Prompt: For this exercise, write out only the lines of the entries below from the one with "HONG KONG 1999, COVER" up to and including the one with "One by one, the", exactly as they are. Pictures stay out.

Dataset excerpts:

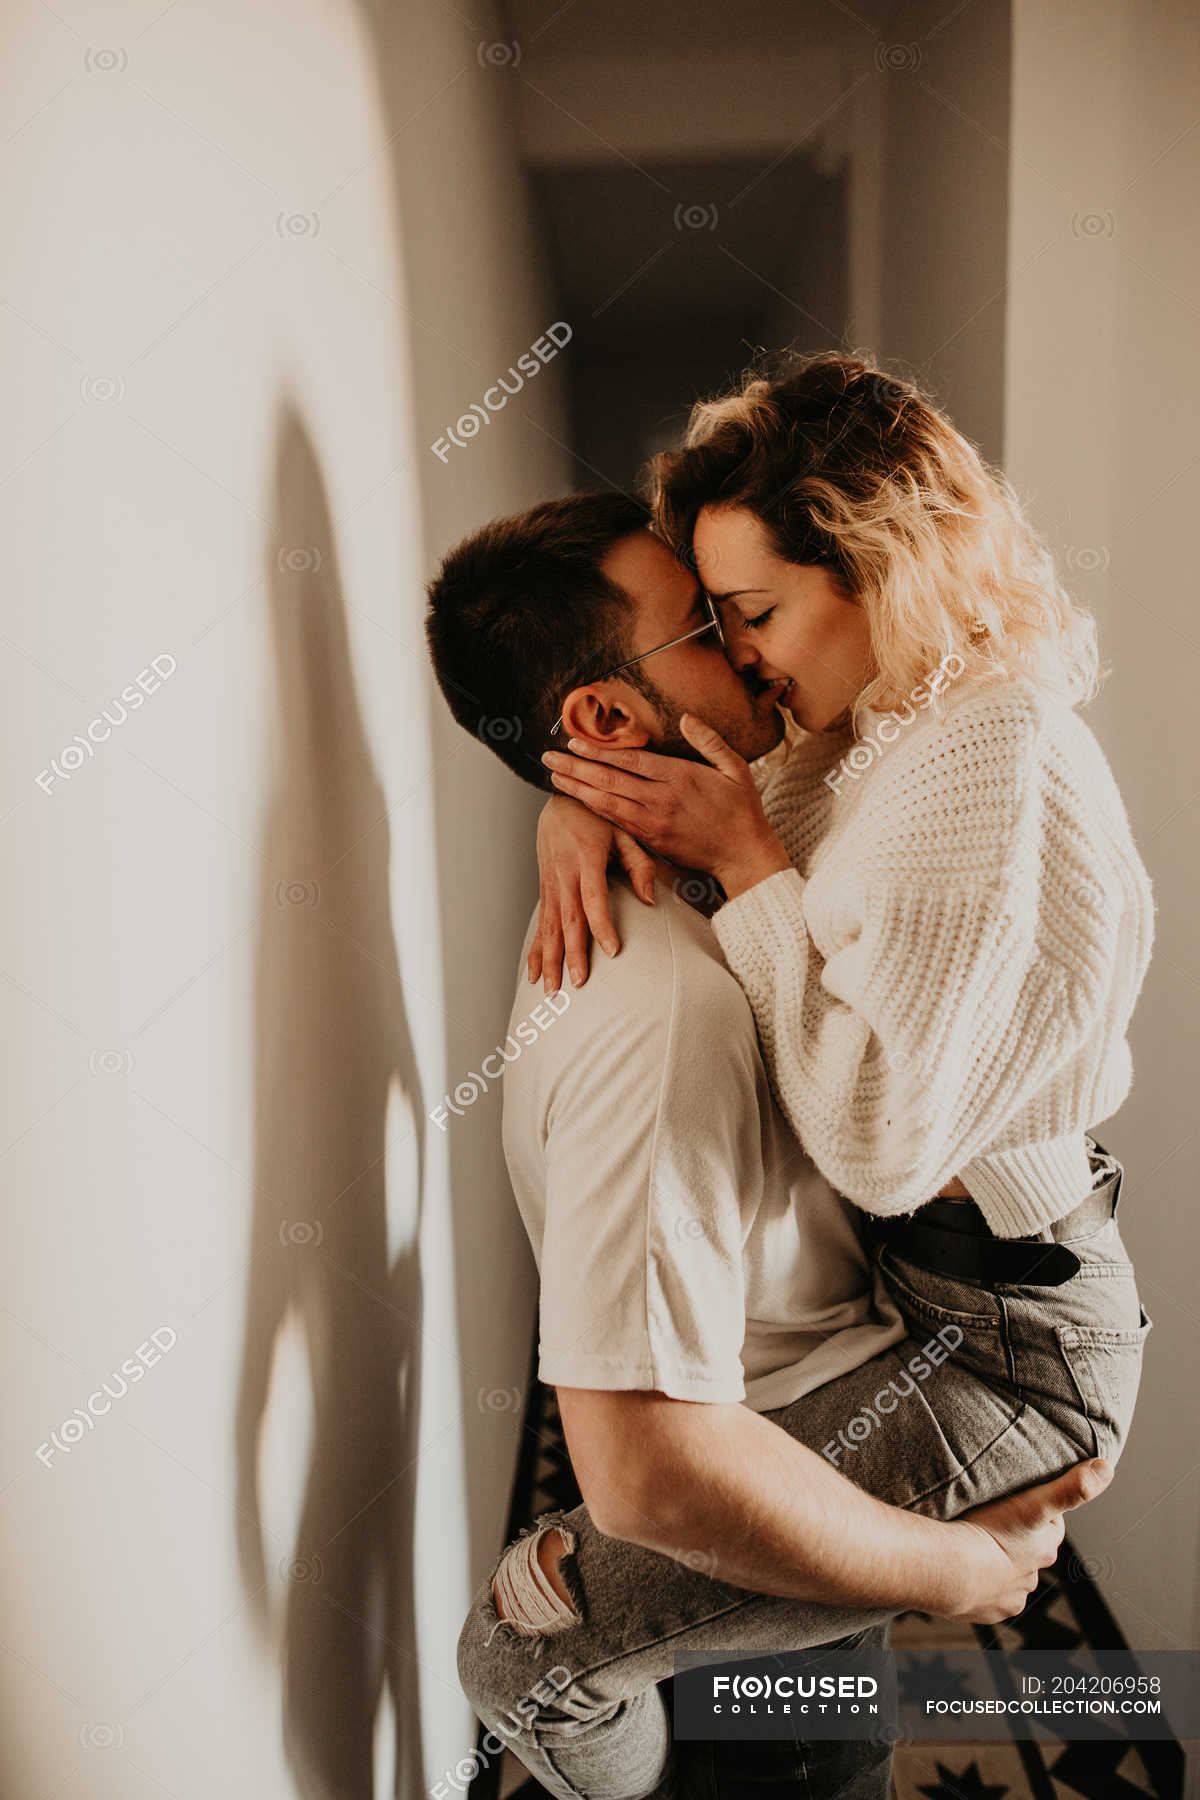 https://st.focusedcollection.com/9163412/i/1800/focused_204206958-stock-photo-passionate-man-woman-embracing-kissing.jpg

--

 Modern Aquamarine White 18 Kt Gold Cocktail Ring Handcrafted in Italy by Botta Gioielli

--

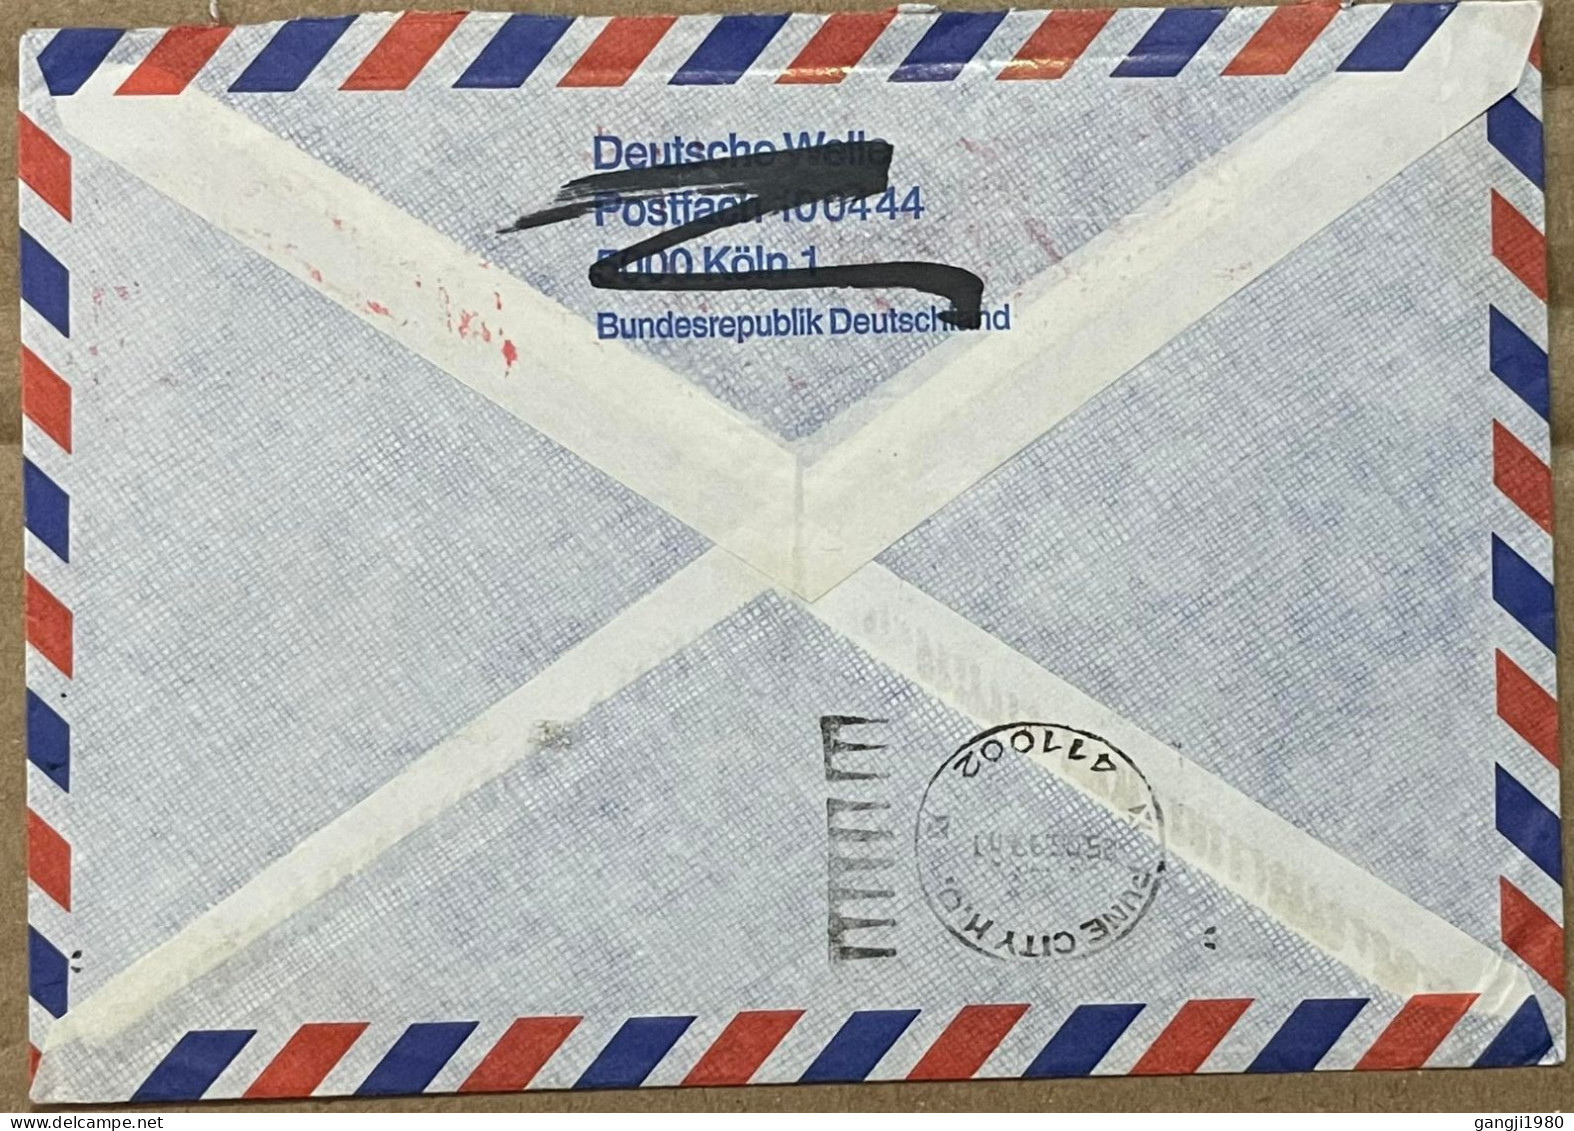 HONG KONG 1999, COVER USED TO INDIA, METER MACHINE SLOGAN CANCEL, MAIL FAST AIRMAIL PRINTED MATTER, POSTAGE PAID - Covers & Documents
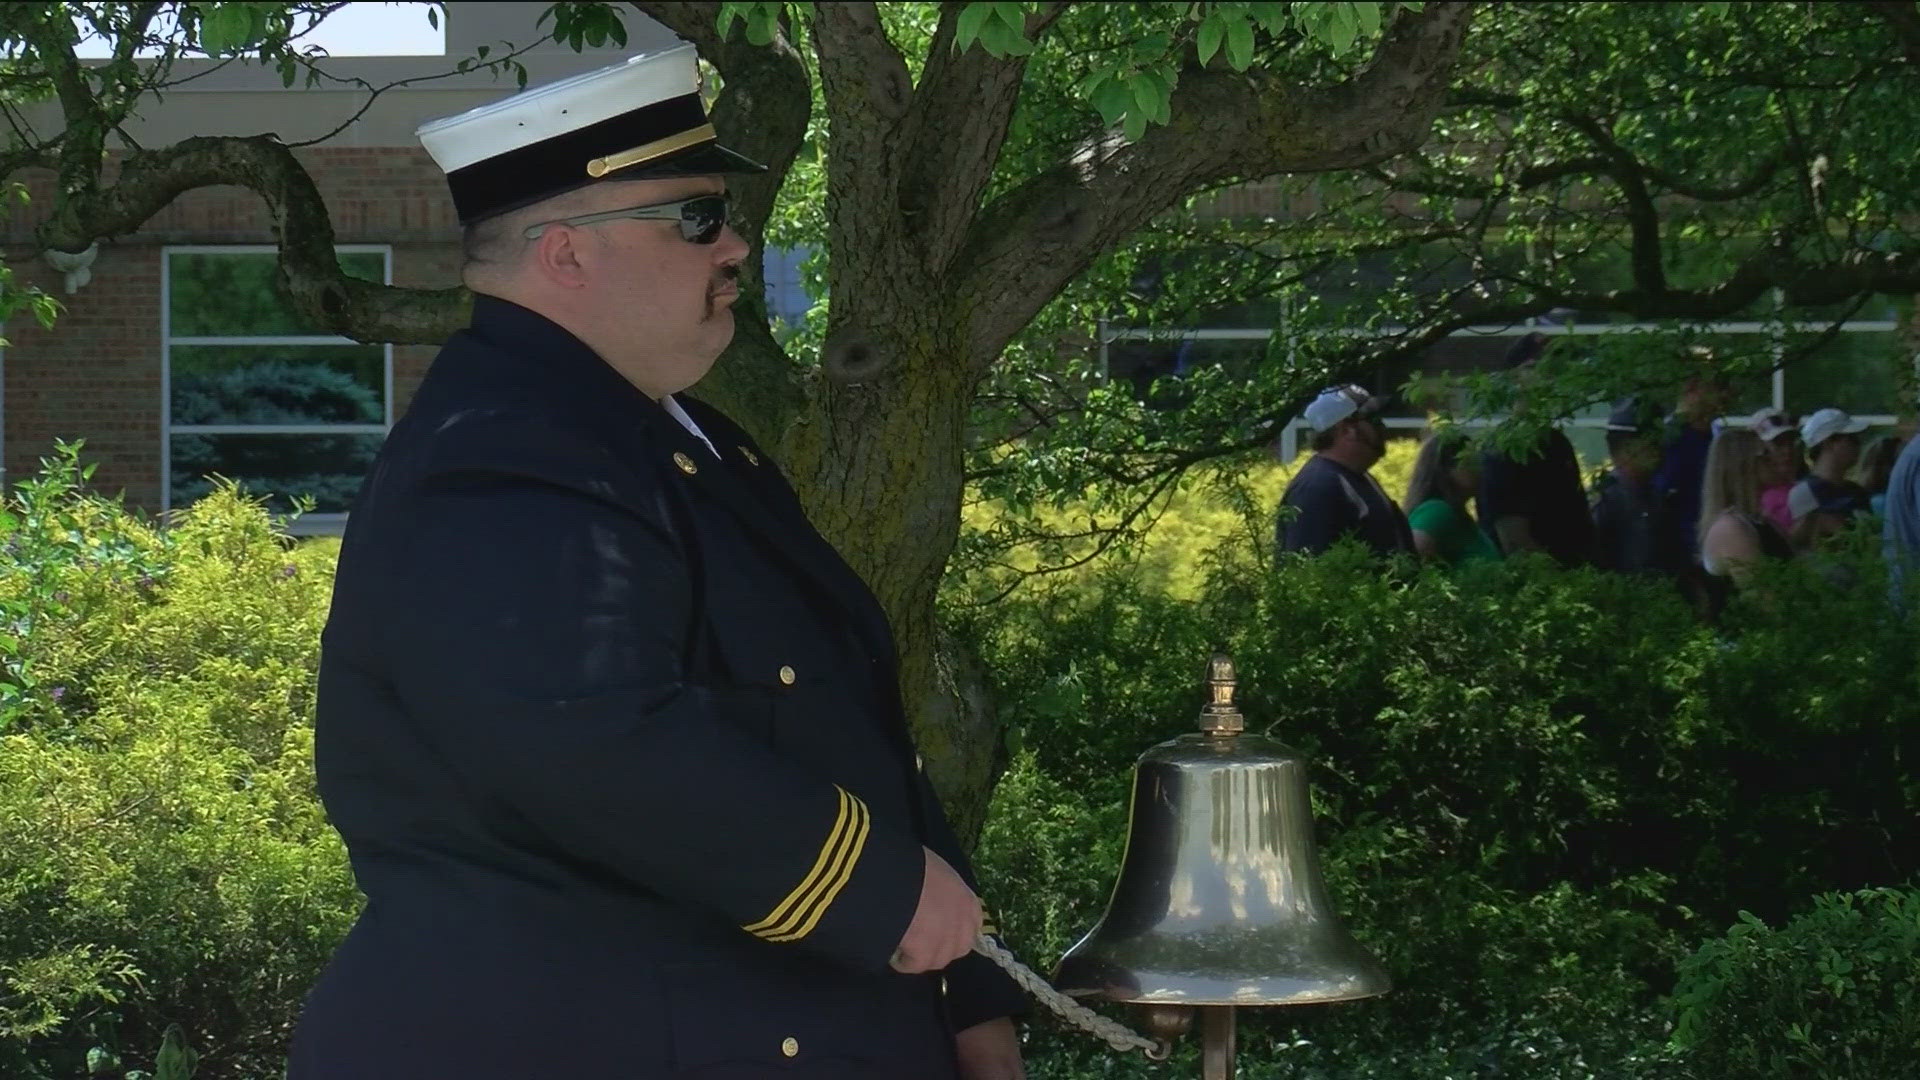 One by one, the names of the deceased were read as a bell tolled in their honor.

Solution to this exercise:
 HONG KONG 1999, COVER USED TO INDIA, METER MACHINE SLOGAN CANCEL, MAIL FAST AIRMAIL PRINTED MATTER, POSTAGE PAID - Covers & Documents
 One by one, the names of the deceased were read as a bell tolled in their honor.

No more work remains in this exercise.